- Cover of the French single

Single by the Cure

from the album Three Imaginary Boys
- A-side: "Killing an Arab"
- Released: June 1979
- Genre: Pop-punk
- Length: 3:42
- Label: Fiction
- Songwriters: Robert Smith; Michael Dempsey; Lol Tolhurst;
- Producer: Chris Parry

Official audio
- "10:15 Saturday Night" on YouTube

= 10:15 Saturday Night =

"10:15 Saturday Night" is a song by the English rock band the Cure. It was the B-side to their December 1978 single "Killing an Arab" as well as the opening track of their debut album Three Imaginary Boys. It was also released in France as a single, with the track "Accuracy" as the B-side. It has been performed live during most of their shows since its release, and was included on their 1984 album Concert: The Cure Live.

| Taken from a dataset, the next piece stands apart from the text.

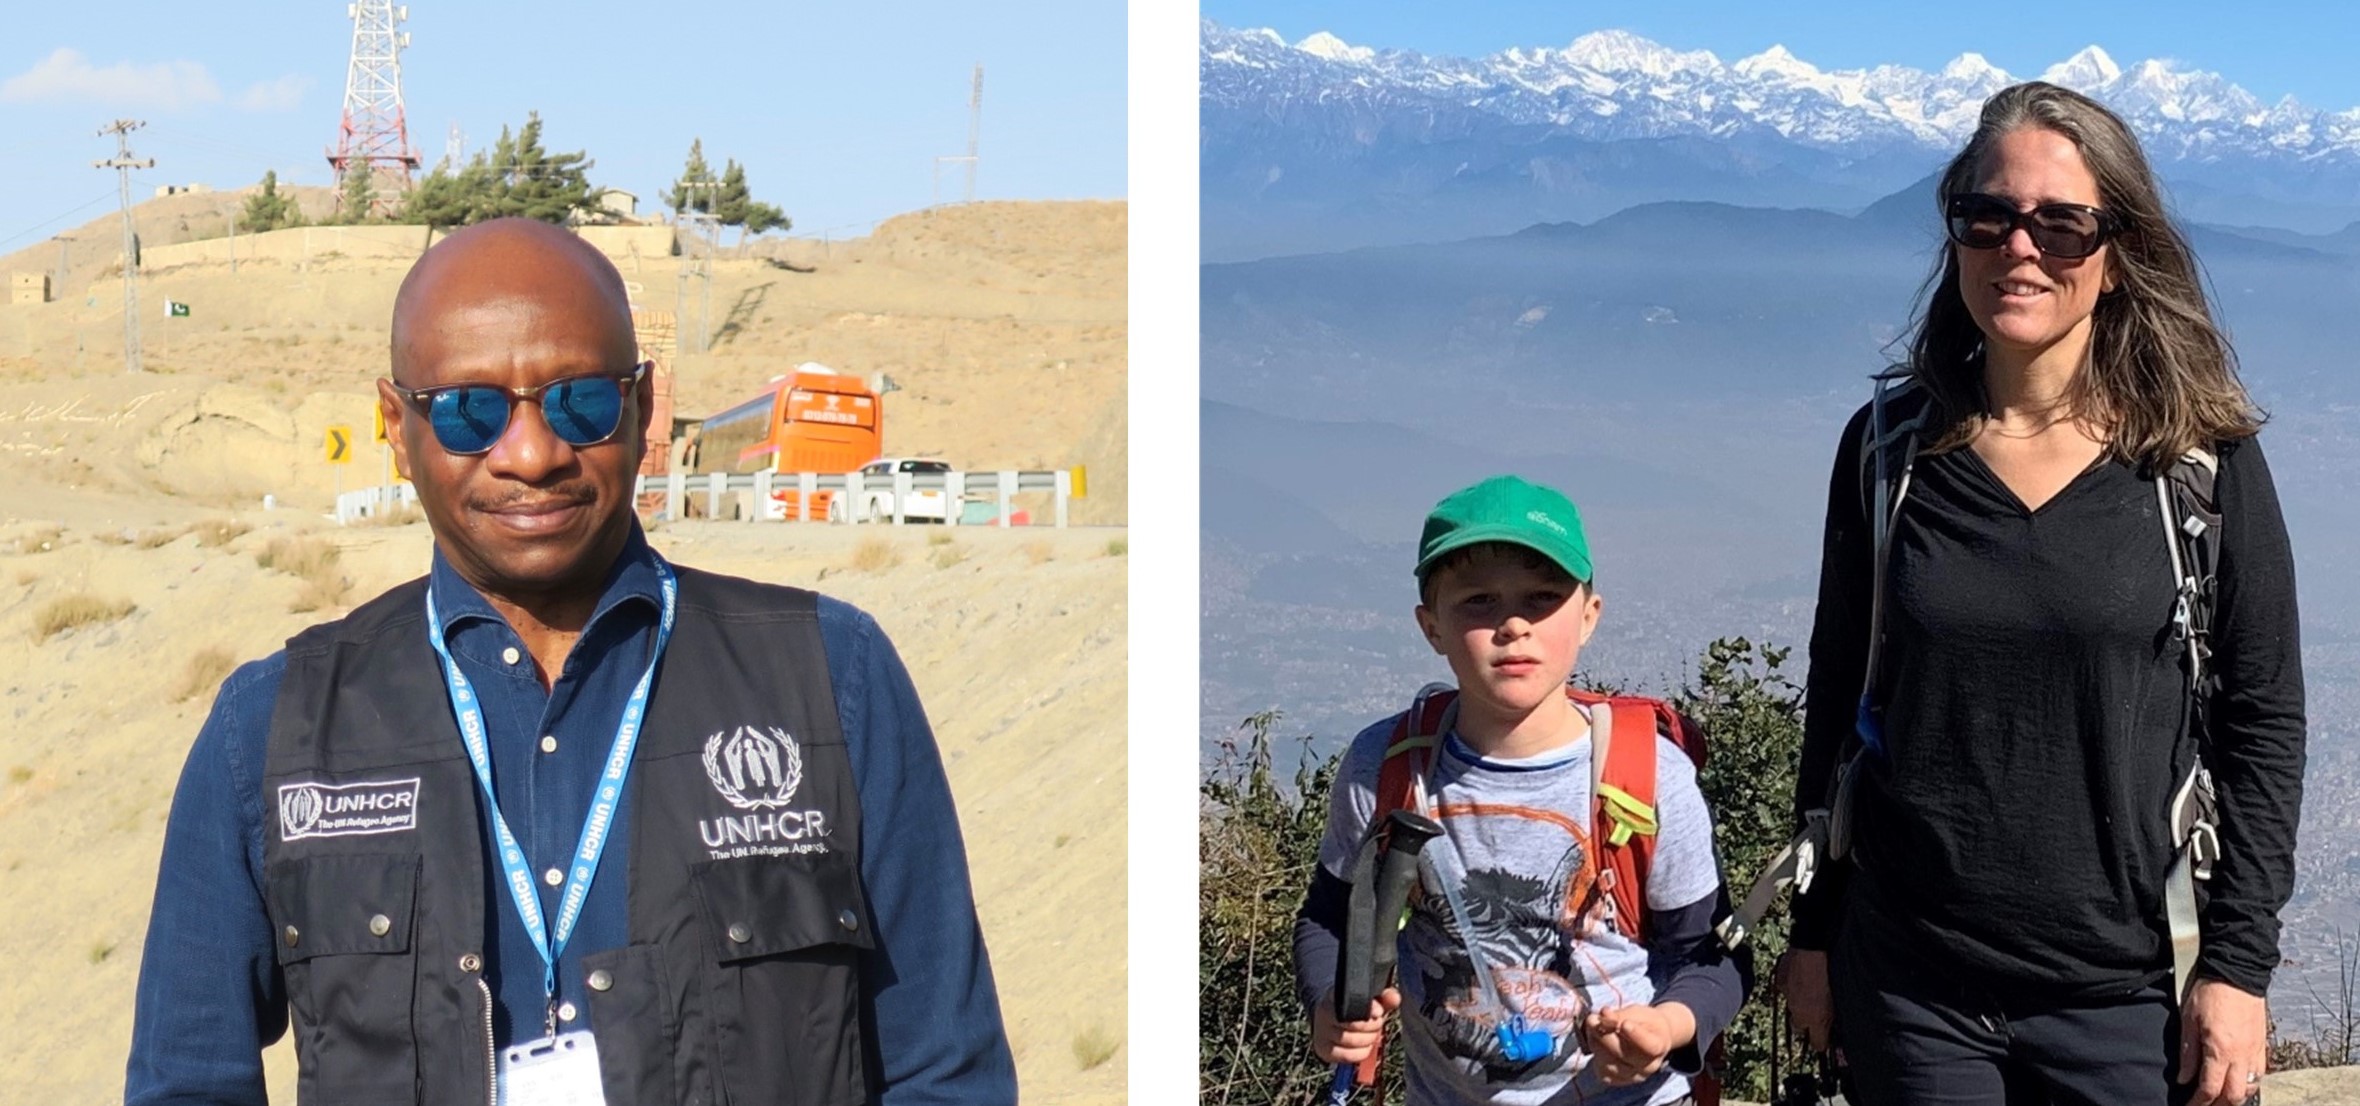 Khalid Mahgoub on a day mission to the border of Pakistan and Afghanistan (left) and Harriet Torlesse trekking with family above Kathmandu Valley in Nepal (right).

A promotional video, directed by Piers Bedford, was the band's first music video. (Note: Piers had directed a number of previous films and the following year would direct the video for Siouxsie and the Banshees' "Happy House".)

==Background==
According to interviews in the booklet for the Deluxe Edition of Three Imaginary Boys, the demo of the song is what caught Chris Parry's attention in 1978 and led him to sign the band to his newly founded record company, Fiction. The track was written by Robert Smith at the age of 16 one evening while sitting at the kitchen table feeling "utterly morose" watching the tap dripping and drinking his dad's homemade beer. It was first performed as part of sets performed by Easy Cure at gigs around the band's local area of Crawley.

== Critical reception ==
In a retrospective review for AllMusic, Bill Janovitz compared the song's sound to the bands Gun Club, Wire, and Gang of Four, citing its "stark and edgy blasts of guitars, a country-blues drum beat, stark dynamics, and Robert Smith's vocal approach." He wrote that song's percussion mirrors the sound of a clock ticking, noting that its "music magnifies the narrator's dilemma from mere melancholy loneliness to a maddening desperation."

"10:15 Saturday Night" is widely regarded as one of the Cure's best songs. In 2019, Billboard ranked the song number ten on their list of the 40 greatest Cure songs, and in 2023, Mojo ranked the song number five on their list of the 30 greatest Cure songs.

==Samples and cover versions==
The song was sampled by Massive Attack on their cover of "Man Next Door" from their 1998 album Mezzanine. It was also covered by the Living End on their EP It's for Your Own Good.